The sheer scale of the charges
Over 100 felonies is not a rounding error. It is not a single lapse in judgment or a youthful indiscretion. The volume of charges, backed by a 175-page affidavit and over a thousand text messages, paints the picture of a sustained operation allegedly run by an elected official entrusted with governing a county of hundreds of thousands of people.
And these weren't transactions allegedly happening in some back alley after hours. Prosecutors say they occurred inside government spaces. During meetings. While Borghi was presumably drawing a public salary to serve the residents of Lehigh County.
The audacity of that deserves a moment of stillness. A commissioner is allegedly dealing cocaine from inside the building where the county government operates.
The accountability question
The immediate question is how long this went on and who, if anyone, in local Democratic leadership noticed. Three cooperating witnesses came forward with enough evidence to fill 175 pages. That suggests this was not exactly a well-kept secret among those in Borghi's orbit.

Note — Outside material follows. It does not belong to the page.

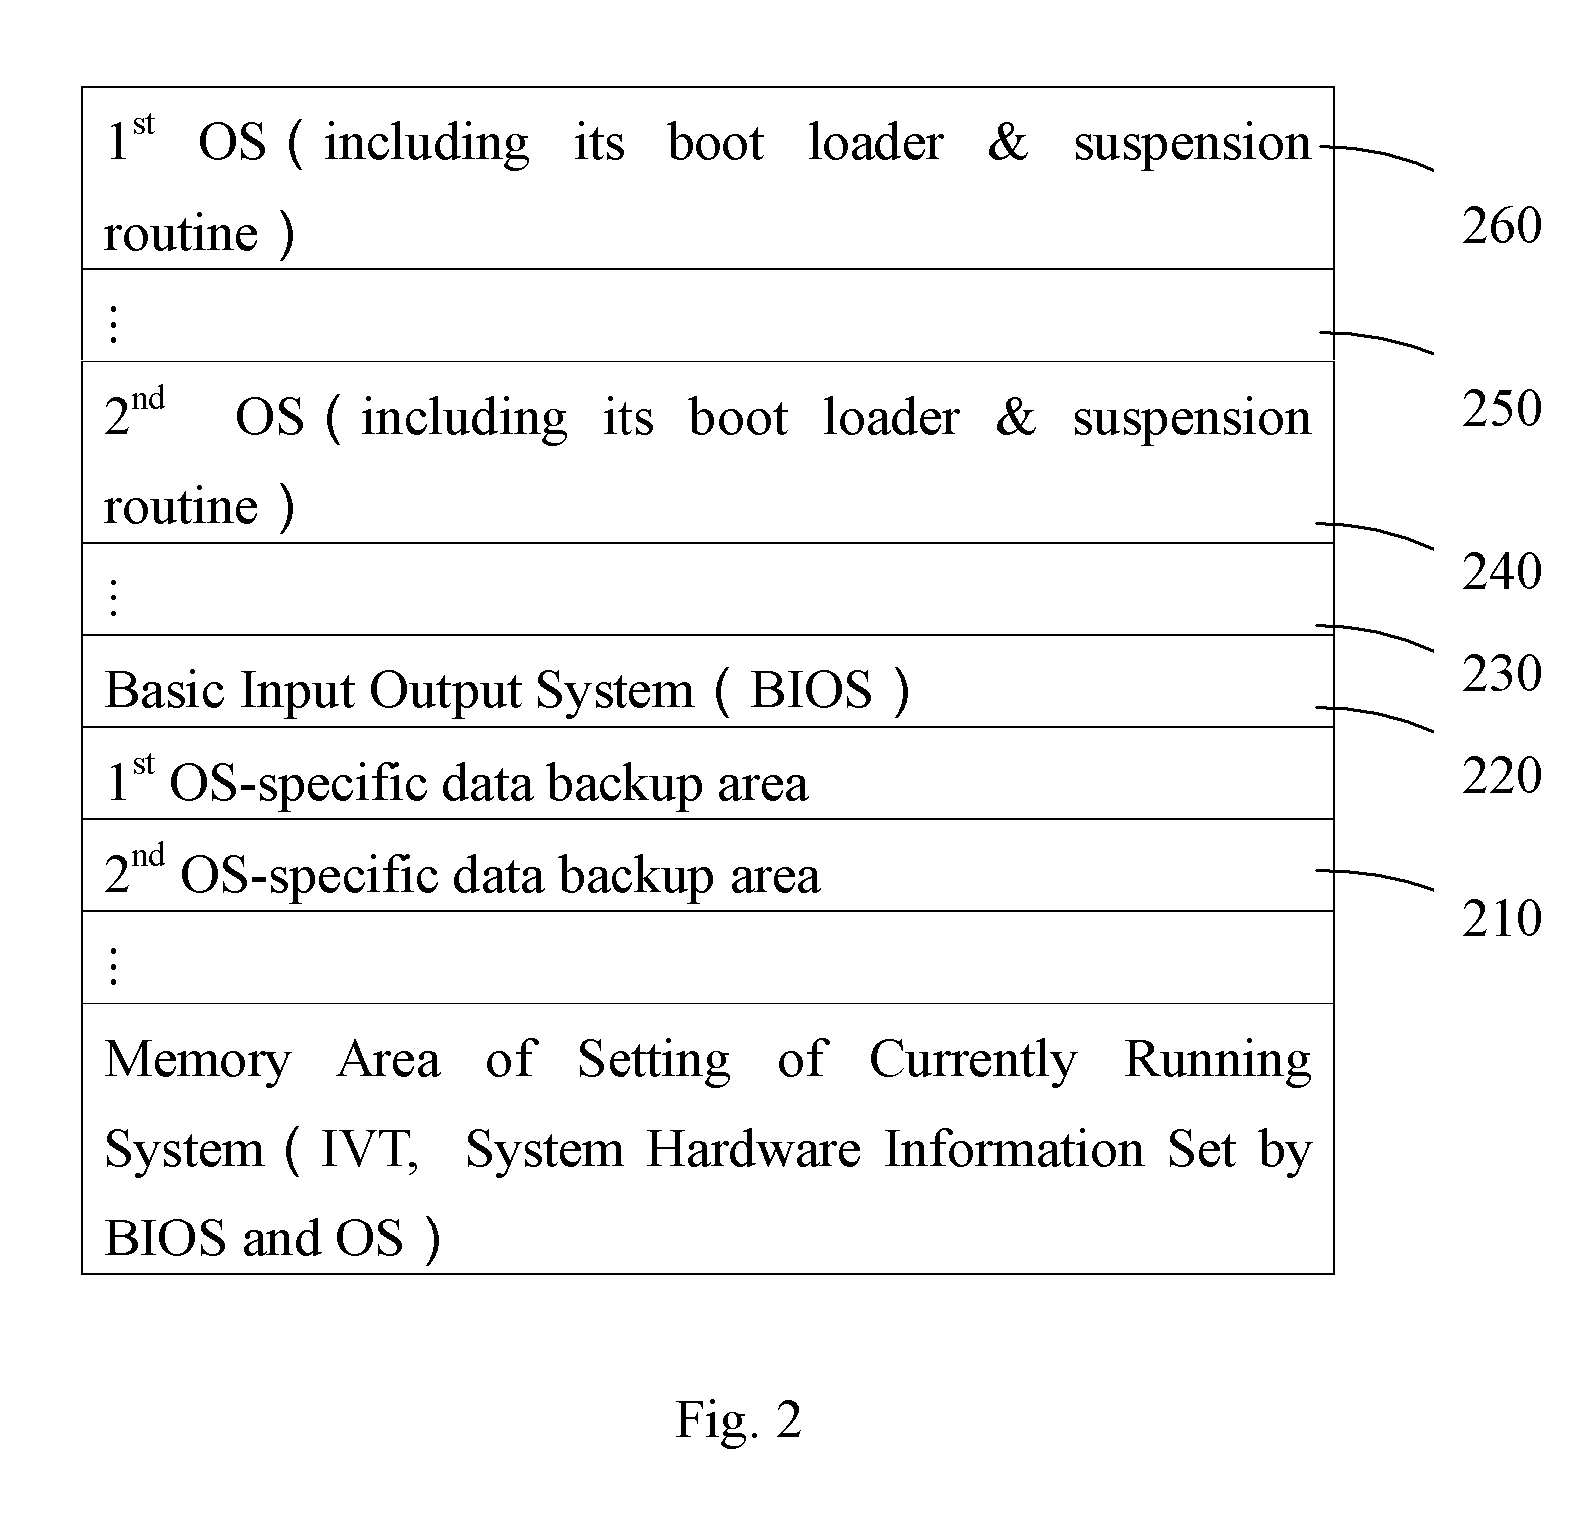 Computer systems with several operating systems coexisting thereon and swapping between these operating systems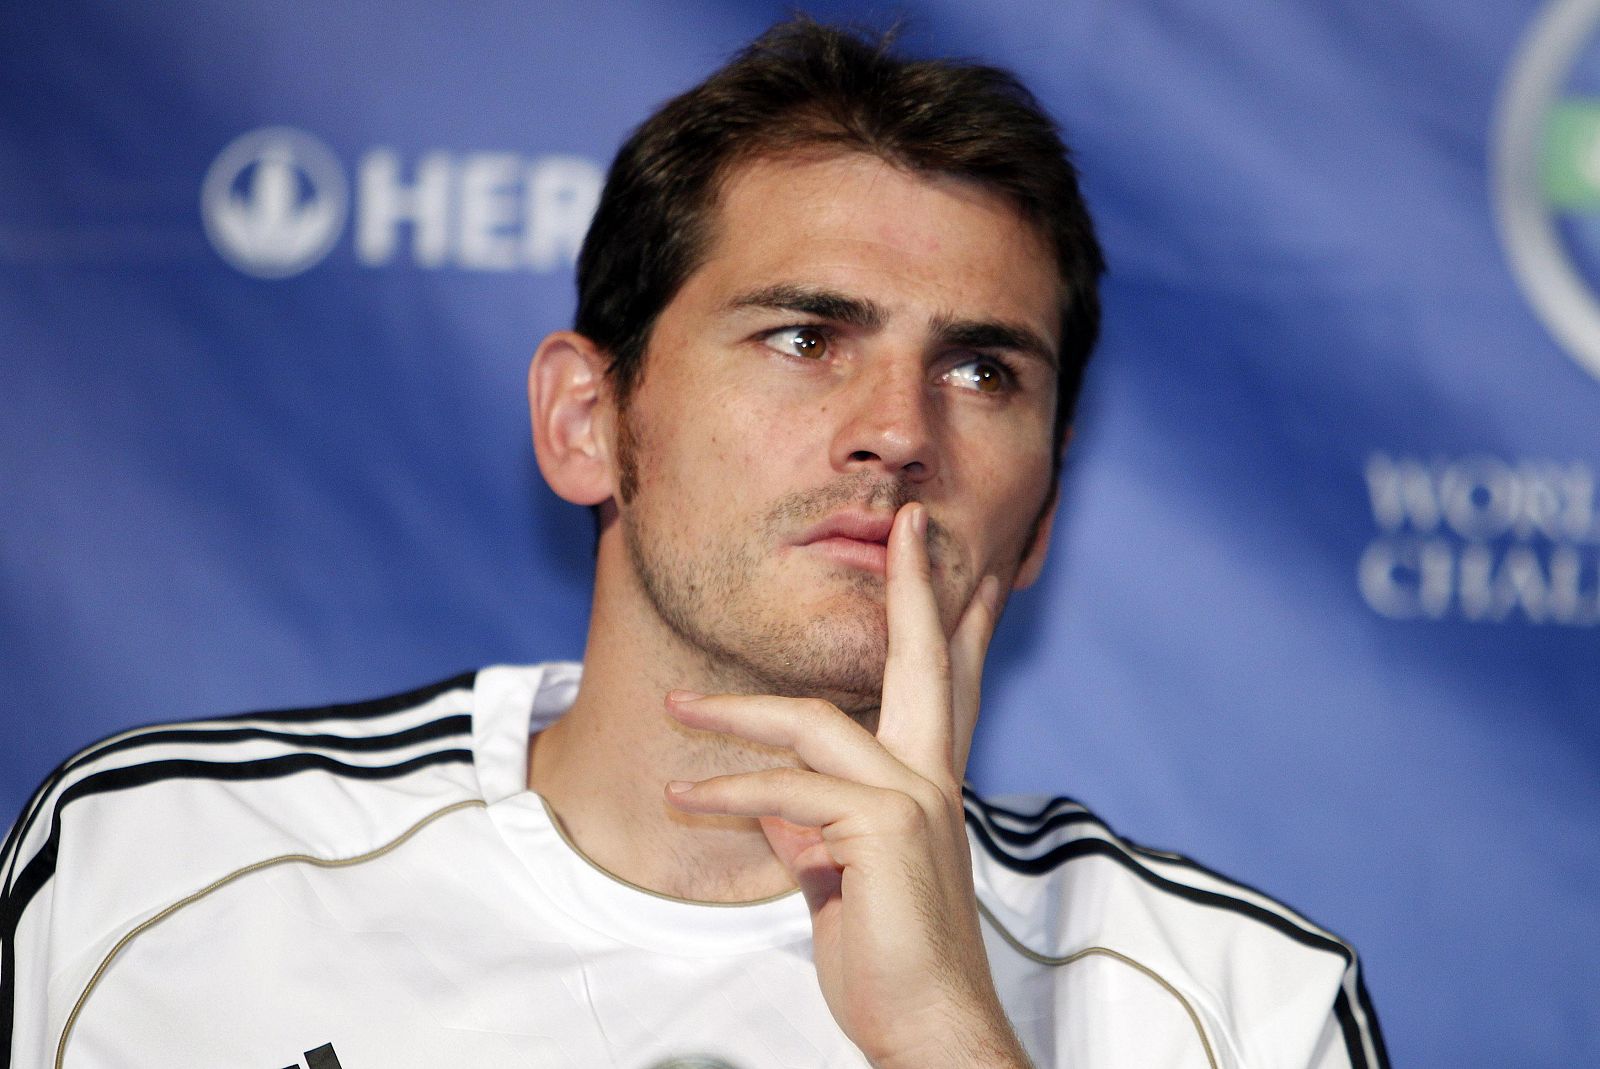 Real Madrid's Casillas listens to questions from the media at a news conference in Los Angeles

County commissioners hold real power. They approve budgets, set tax rates, and oversee county services. The role demands a baseline of public trust that is impossible to reconcile with the allegations now laid out against Borghi. Every vote he cast, every meeting he attended, every policy decision he touched is now shadowed by the question of what else he was doing at the time.
A pattern worth naming
This story will get filed away as a local crime blotter item in most newsrooms. It shouldn't. When a Republican official anywhere in the country faces legal trouble, the party affiliation leads the headline and anchors the narrative for days. The affiliation becomes the story. When a Democrat faces 104 felony charges for allegedly running a drug operation out of government offices, expect the coverage to treat it as an isolated incident involving a troubled individual.
But voters in Lehigh County elected Borghi as a Democrat. The local party apparatus supported him. The question of vetting, of accountability within party structures, is a fair game. It is always a fair game, regardless of party. The difference is that only one side consistently faces that scrutiny from the press.
What happens next
Borghi's political future is, for all practical purposes, over. The legal process will determine the rest. With 104 felony charges and a mountain of documentary evidence described in the affidavit, the road ahead for the 35-year-old commissioner is not a question of political survival. It is a question of years.
The residents of Lehigh County, meanwhile, are left with a vacant seat of public trust and the knowledge that the person they elected to manage their county government was allegedly managing something else entirely from the same buildings where their tax dollars fund the lights.
Government buildings are supposed to belong to the public. Not to whoever is allegedly dealing cocaine from inside them.